I’ll first train a model with the same architecture as the textbook—the activation function (in this case nn.ReLU) is placed after nn.BatchNorm2d in nn.Sequential.

def conv(ni, nf, ks=3, act=True):
  layers = [nn.Conv2d(ni, nf, stride=2, kernel_size=ks, padding=ks//2)]
  layers.append(nn.BatchNorm2d(nf))
  if act: layers.append(nn.ReLU())
  return nn.Sequential(*layers)
conv(1,8) # activation function is after batch normalization
Sequential(
  (0): Conv2d(1, 8, kernel_size=(3, 3), stride=(2, 2), padding=(1, 1))
  (1): BatchNorm2d(8, eps=1e-05, momentum=0.1, affine=True, track_running_stats=True)
  (2): ReLU()
)

I’ll re-use the simple_cnn architecture as well as the get_dls and fit helper functions defined in the textbook:

def simple_cnn():
  return sequential(
      conv(1, 8, ks=5),         # 14x14
      conv(8, 16),              # 7x7
      conv(16, 32),             # 4x4
      conv(32, 64),             # 2x2
      conv(64, 10, act=False),  # 1x1
      Flatten()
  )
# create a function to change dls params
def get_dls(bs=64):
  return DataBlock(
      blocks=(ImageBlock(cls=PILImageBW), CategoryBlock),
      get_items=get_image_files,
      splitter=GrandparentSplitter('training', 'testing'),
      get_y=parent_label,
      batch_tfms=Normalize()
  ).dataloaders(path, bs=bs)
dls = get_dls(512)
dls.show_batch(max_n=9, figsize=(4,4))

def fit(epochs=1, lr=0.06):
  learn = Learner(dls, simple_cnn(), loss_func=F.cross_entropy, metrics=accuracy, cbs=ActivationStats(with_hist=True))
  learn.fit_one_cycle(epochs, lr)
  return learn
learn = fit()
/usr/local/lib/python3.10/dist-packages/fastai/callback/core.py:69: UserWarning: You are shadowing an attribute (modules) that exists in the learner. Use `self.learn.modules` to avoid this
  warn(f"You are shadowing an attribute ({name}) that exists in the learner. Use `self.learn.{name}` to avoid this")
epoch train_loss valid_loss accuracy time
0 0.135710 0.056765 0.986600 01:10 
/usr/local/lib/python3.10/dist-packages/torch/autograd/graph.py:744: UserWarning: Plan failed with a cudnnException: CUDNN_BACKEND_EXECUTION_PLAN_DESCRIPTOR: cudnnFinalize Descriptor Failed cudnn_status: CUDNN_STATUS_NOT_SUPPORTED (Triggered internally at ../aten/src/ATen/native/cudnn/Conv_v8.cpp:919.)
  return Variable._execution_engine.run_backward(  # Calls into the C++ engine to run the backward pass

I’ll take a look at the activation distribution across batches in a couple of ways:

  • color_dim which will display an image where each column of pixels is a histogram of one batch of activations where lighter colors are close to zero and darker colors are non-zero.
  • plot_layer_stats which displays the mean, standard deviation and %-near-zero activations across batches during training.
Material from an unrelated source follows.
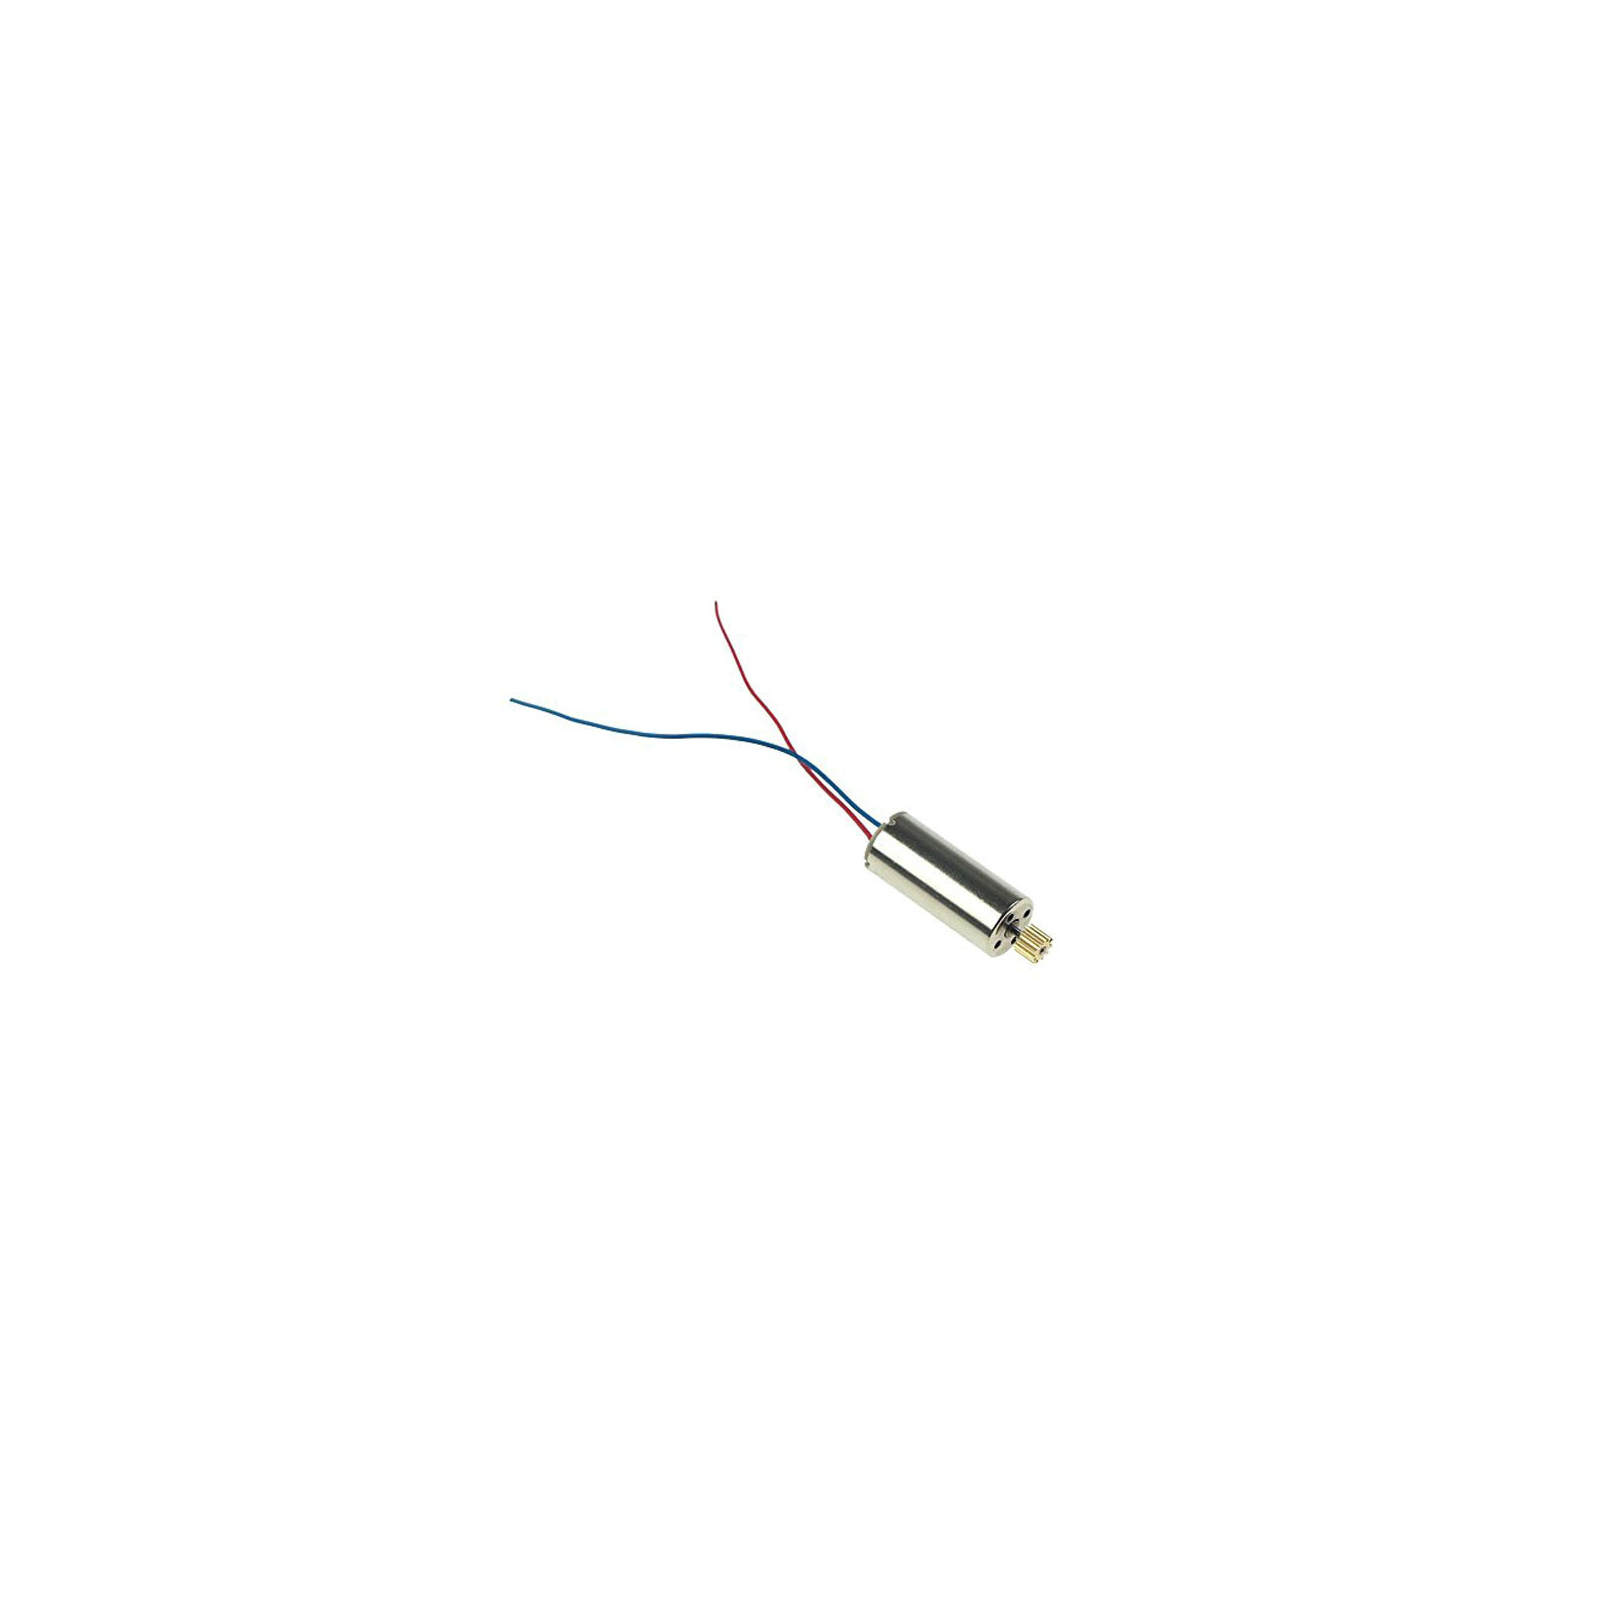 Аксессуар к радиоуправляемой модели Udirc Motor(Red and blue wire) для U818A-1 (U818A-1-09RB)
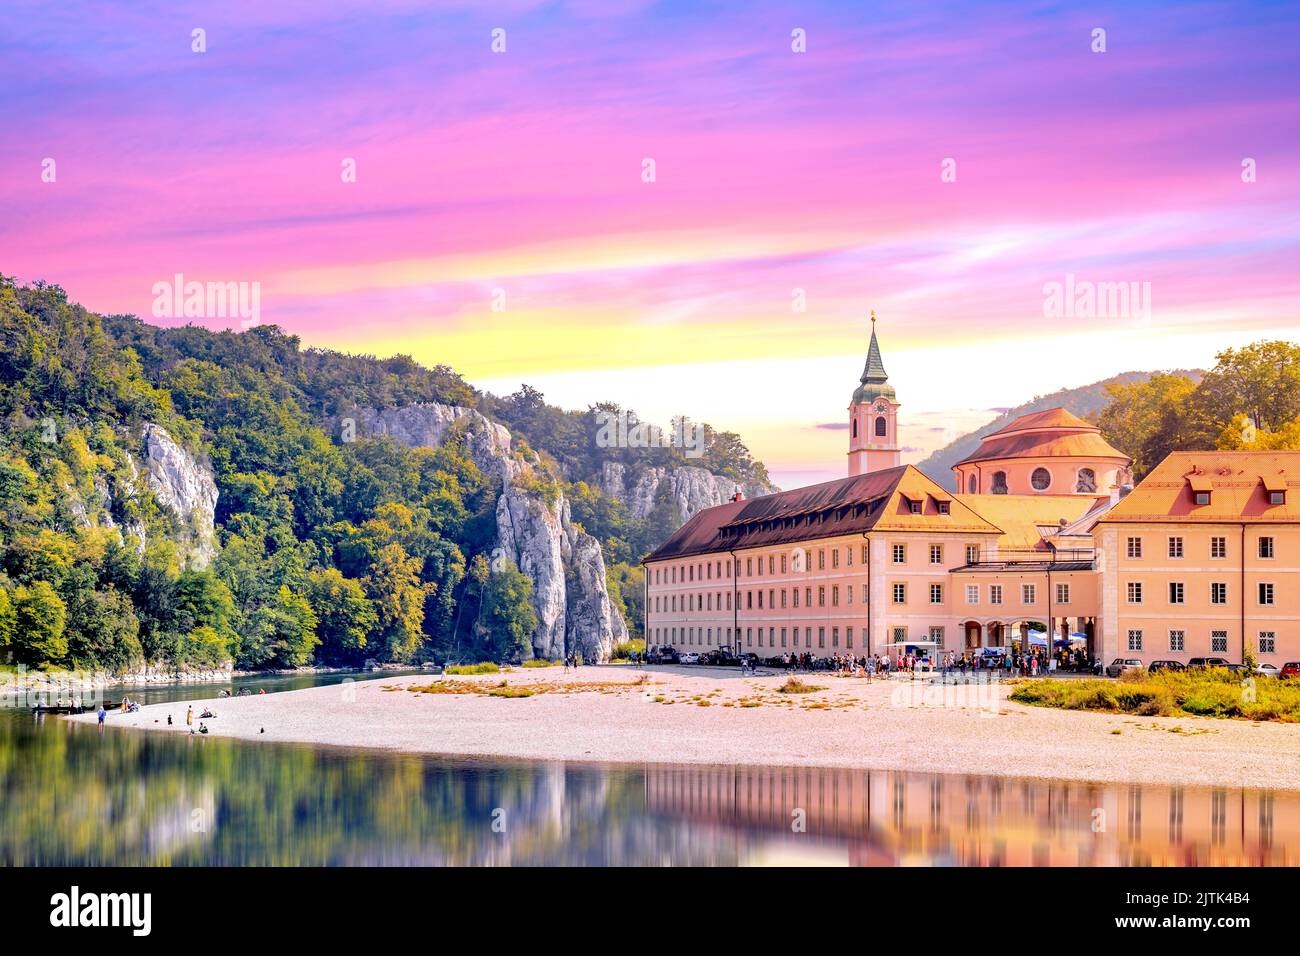 Monastery Weltenburg, Danube, Kelheim, Bavaria, germany Stock Photo

The output of color_dim looks as expected—a smooth transition from zero to non-zero activations.

learn.activation_stats.color_dim(-4)

The % near zero chart looks better than the counterexamples in the text but it still looks pretty high (~65% of the activations are near zero after batch #25).

learn.activation_stats.plot_layer_stats(-2)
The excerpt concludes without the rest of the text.